Kurgan Lukasz, Chen Ke
Department of Electrical and Computer Engineering, University of Alberta, Edmonton, Alberta, Canada.
Biochem Biophys Res Commun. 2007 Jun 1;357(2):453-60. doi: 10.1016/j.bbrc.2007.03.164. Epub 2007 Apr 5.
Structural class characterizes the overall folding type of a protein or its domain. This paper develops an accurate method for in silico prediction of structural classes from low homology (twilight zone) protein sequences. The proposed LLSC-PRED method applies linear logistic regression classifier and a custom-designed, feature-based sequence representation to provide predictions. The main advantages of the LLSC-PRED are the comprehensive representation that includes 58 features describing composition and physicochemical properties of the sequences and transparency of the prediction model. The representation also includes predicted secondary structure content, thus for the first time exploring synergy between these two related predictions. Based on tests performed with a large set of 1673 twilight zone domains, the LLSC-PRED's prediction accuracy, which equals over 62%, is shown to be better than accuracy of over a dozen recently published competing in silico methods and similar to accuracy of other, non-transparent classifiers that use the proposed representation.

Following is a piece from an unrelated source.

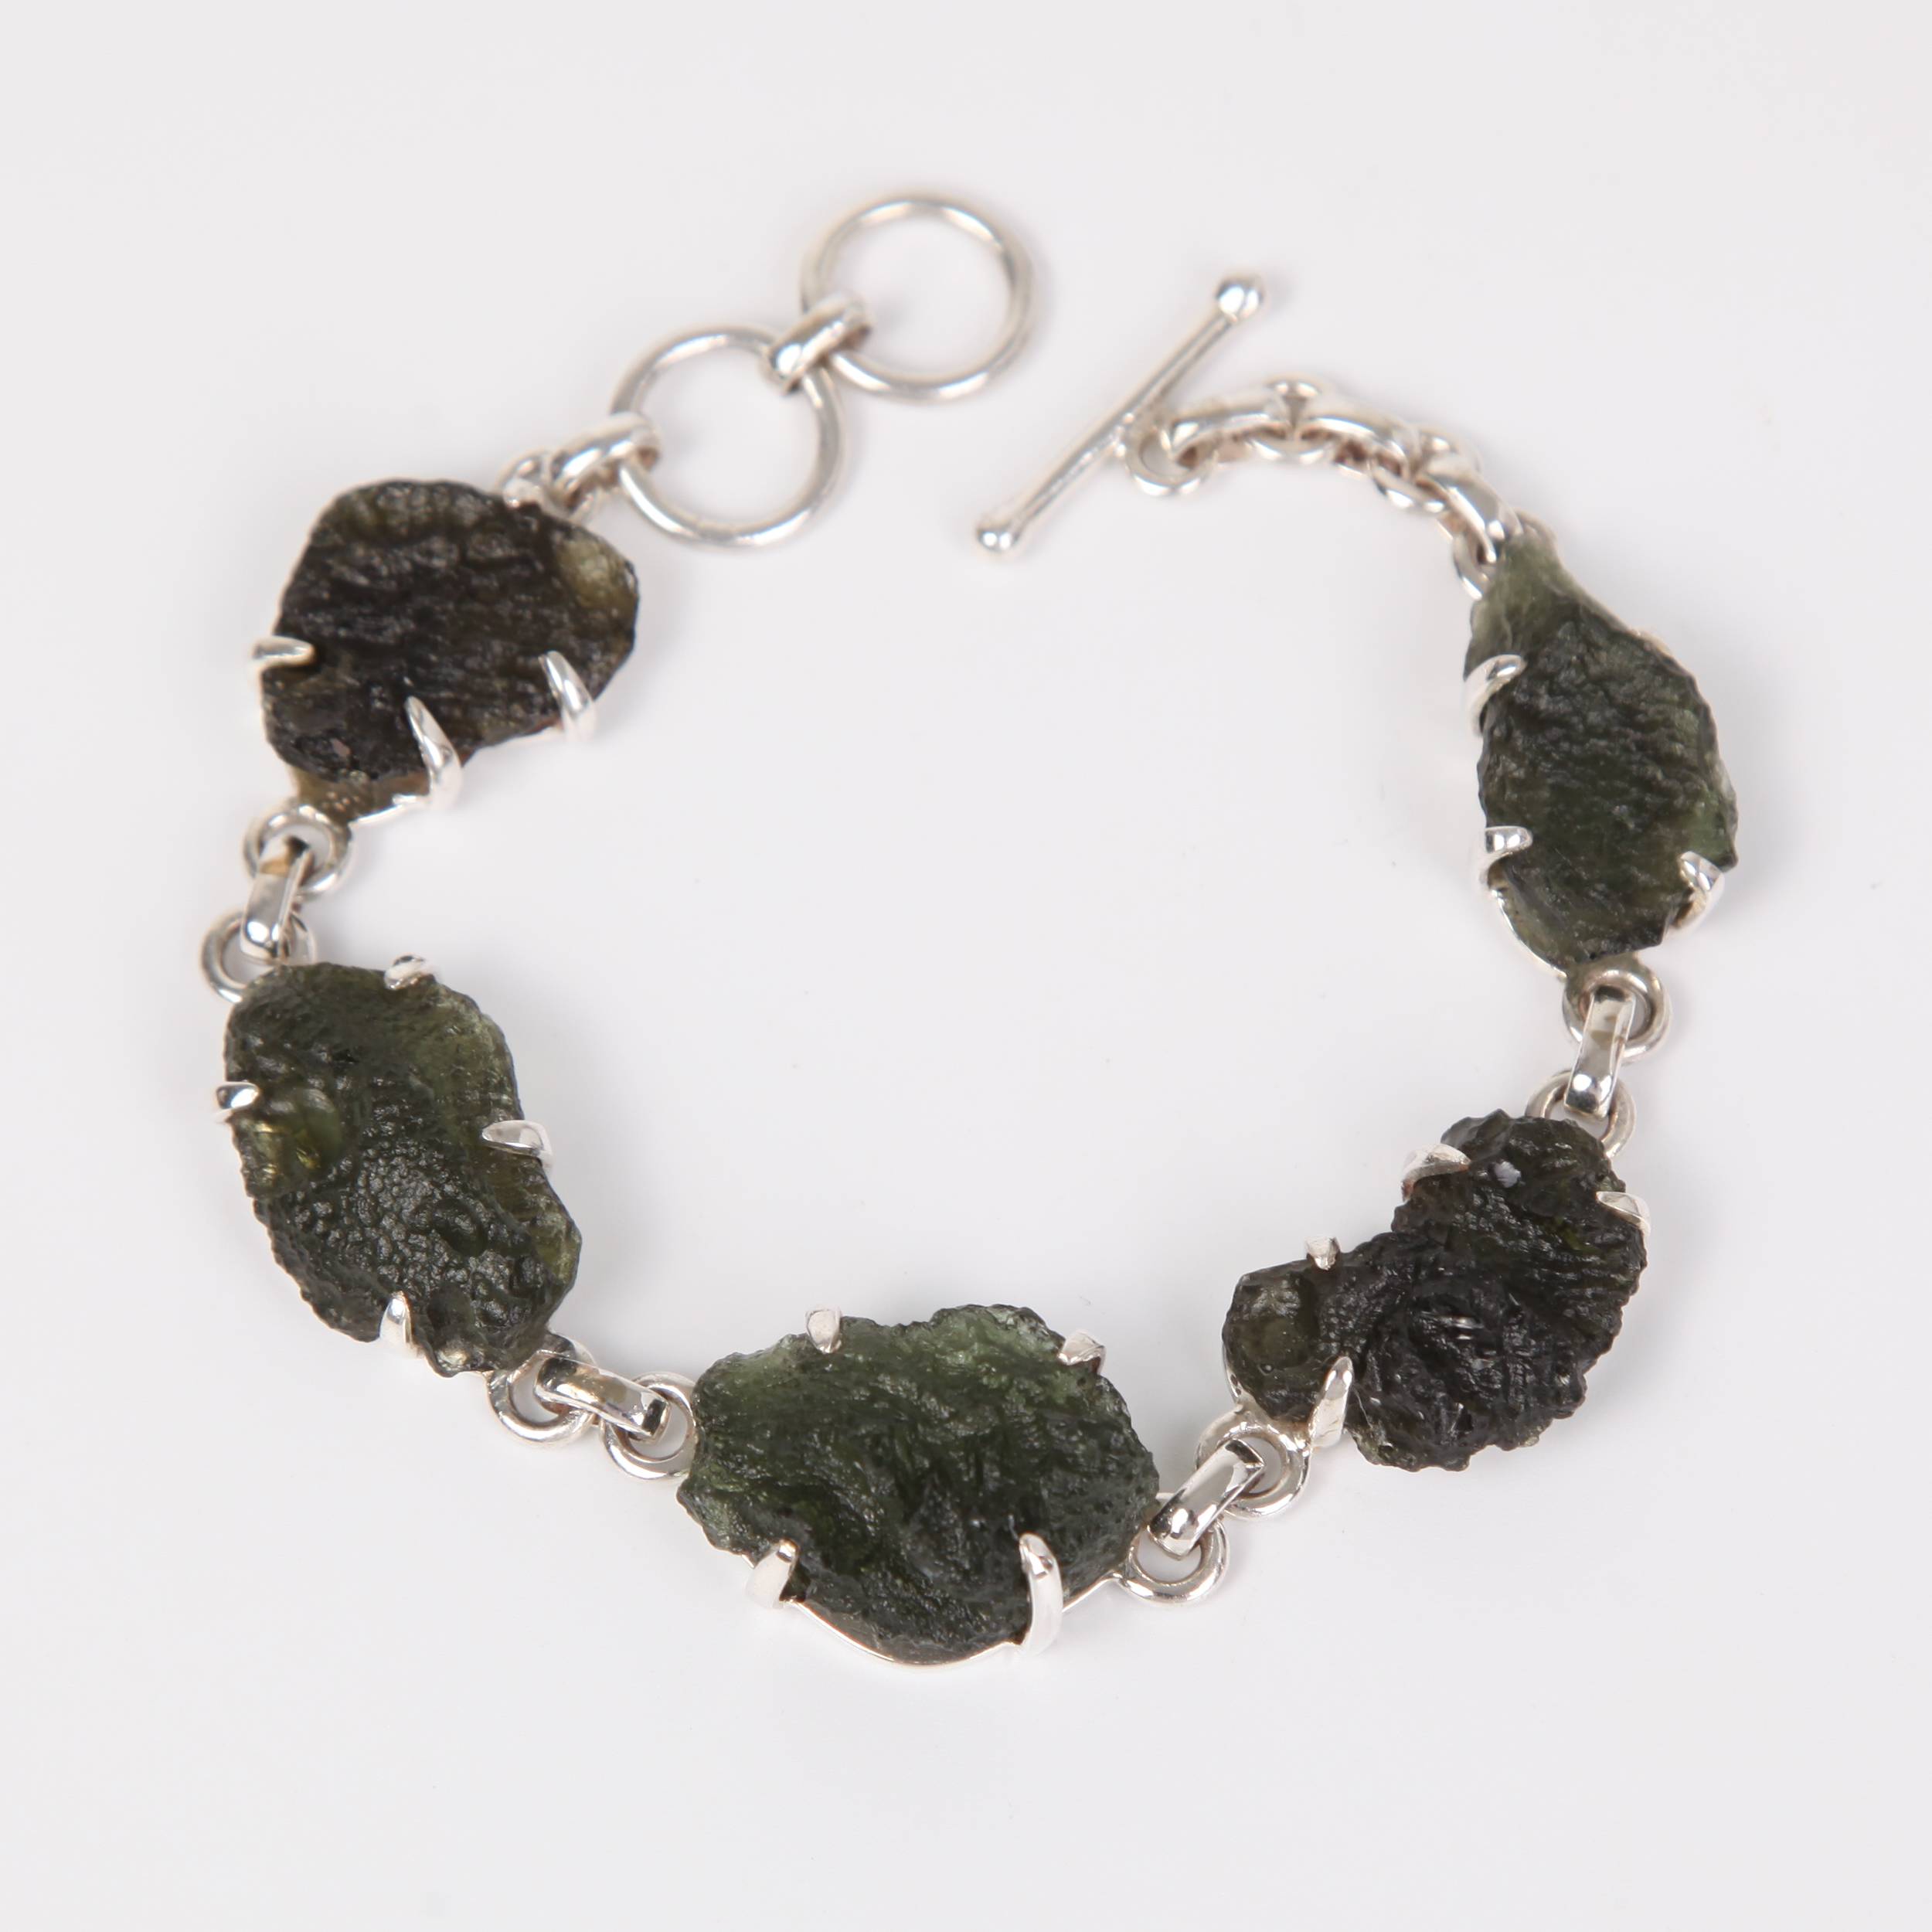 Rough Moldavite (meteorite) Sterling Silver Bracelet

结构类别表征蛋白质或其结构域的整体折叠类型。本文开发了一种从低同源性(模糊区)蛋白质序列进行结构类别计算机预测的精确方法。所提出的LLSC - PRED方法应用线性逻辑回归分类器和定制设计的基于特征的序列表示来进行预测。LLSC - PRED的主要优点是包含58个描述序列组成和物理化学性质的特征的综合表示以及预测模型的透明度。该表示还包括预测的二级结构含量,从而首次探索这两个相关预测之间的协同作用。基于对1673个模糊区结构域的大量测试,LLSC - PRED的预测准确率超过62%,结果表明其优于最近发表的十几种竞争的计算机方法的准确率,并且与使用所提出表示的其他非透明分类器的准确率相似。